Although often painted as passive characters, white women have also held large and overt roles. For example, white women developed their own branch of a white supremacist organization, the Women of the Ku Klux Klan (WKKK), in the mid 1860s.
In the recent months, there has been an increasing amount of discourse examining white women’s roles in white supremacy, which is imperative to dismantling the system that upholds racism. However, a problem arises when white men use this discourse as an excuse to be misogynistic towards white women, and by extension, all women. The focus shifts from recognizing white women’s roles in white supremacy to perpetuating misogyny. For example, white men often take a situation in which a white woman is being called out for racist behavior as an excuse to say “I hate white women,” which diverts the conversation from one of accountability to one of hatred towards women in a situation that did not involve them in the first place.
This diversion of the conversation by white men is an example of how white and male power structures work hand-in-hand. White men feel threatened by the close examination of their whiteness so they take the opportunity — being in a position of power — to shift the conversation from one of being white to one of being a woman. They have co-opted the way in which people of color call out the racism of white women and have turned it into an expression of misogyny, completely diverting the conversation to the point where it is no longer about racial accountability.

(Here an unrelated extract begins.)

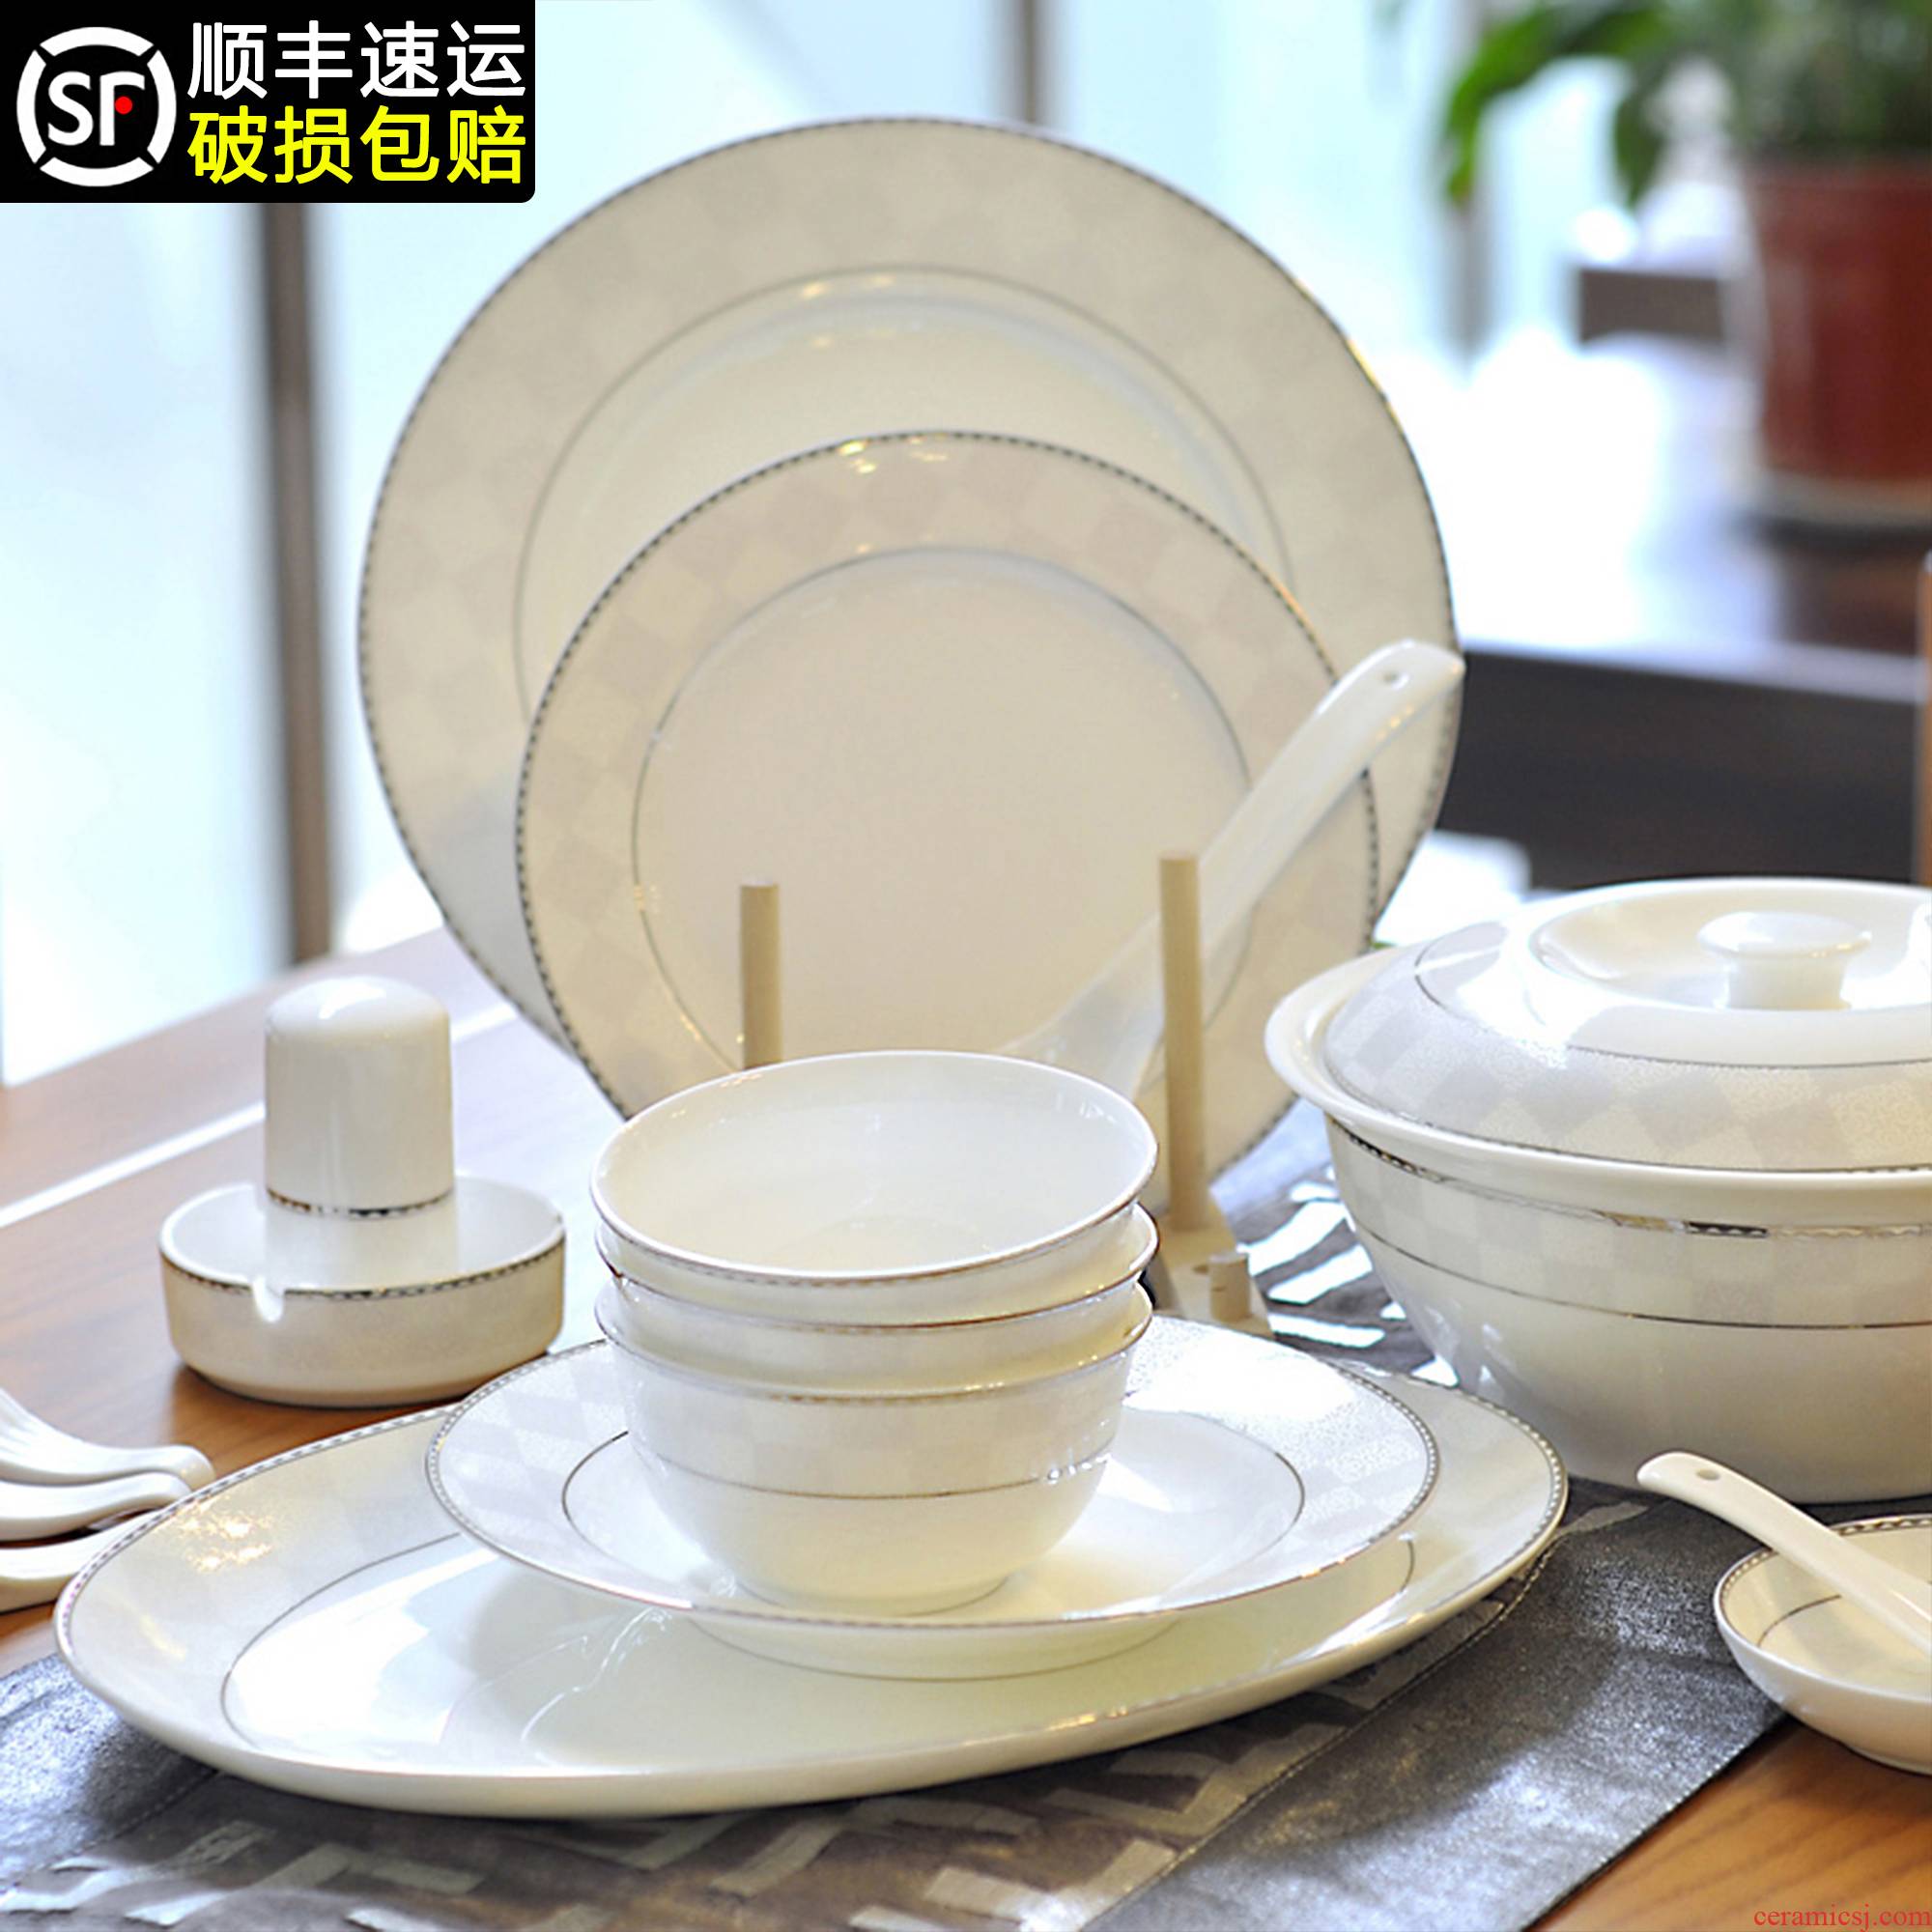 Jingdezhen ceramic tableware Chinese dishes suit household light and decoration plate chopsticks Korean high - grade ceramics from the high level of appearance
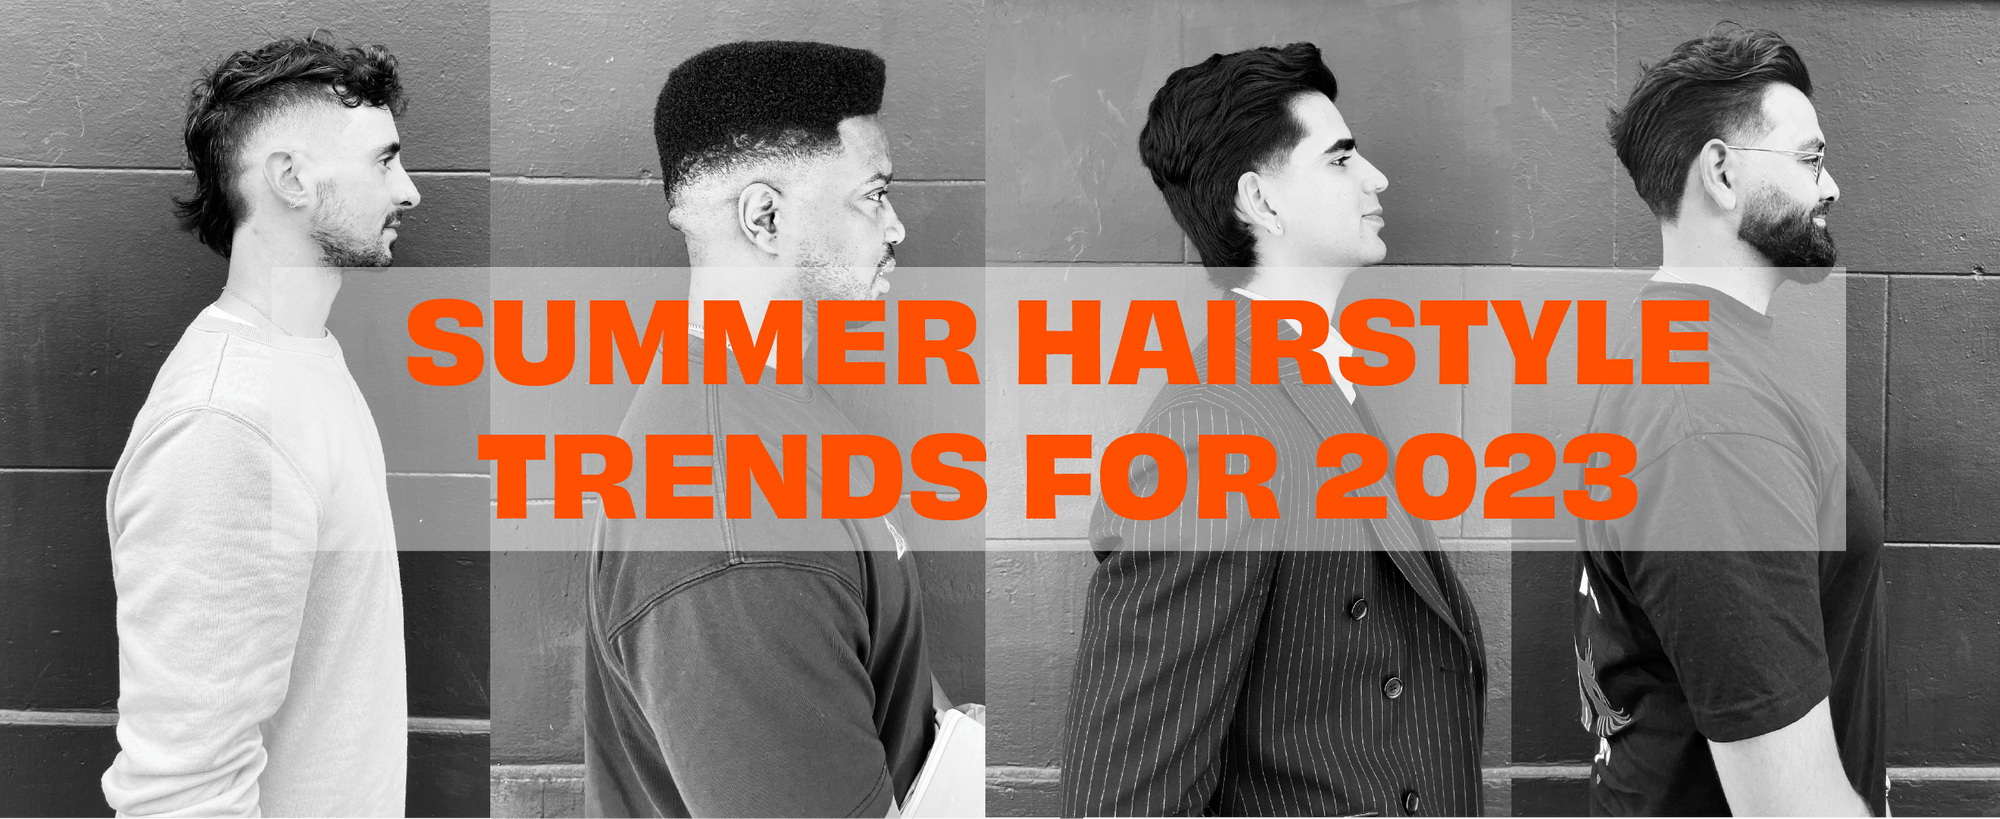 Latest Hairstyles - 74 Coolest Boys Haircuts for 2023:  https://bit.ly/424Zx2o | Facebook

It is important to note the difference between when people of color criticize white women, it’s a critique of their whiteness but when white men criticize white women it’s usually a critique about their gender which is, by definition, misogyny.
Many white men on the internet have used these conversations about white women as a way to prop up their own “wokeness,” by making misogynistic statements under the guise of activism. Although the word “white” is tacked onto these statements after the word “women,” many point out broad things that all women do. Adding the word “white” in front of a sexist statement has wrongly exempted white men from criticisms of misogyny.
An example of this is the “ACAB Emily’’ trope, popularized on social media to call out the performative activism of white women. The trope has now morphed into general misogyny that is widely used to make fun of any young female activist, not matter how genuine their activism. Moreover, the “ACAB Emily” trope is an example of the fact that women so often take the blame for actions that both men and women do.
This is how the patriarchy functions. It is relentless in its aim to put women down, a testament to how pervasive misogyny still is. White supremacy cannot be treated as something mutually exclusive to the patriarchy. There needs to be a broad lens taken to societal issues in order for there to be just accountability and genuine progress.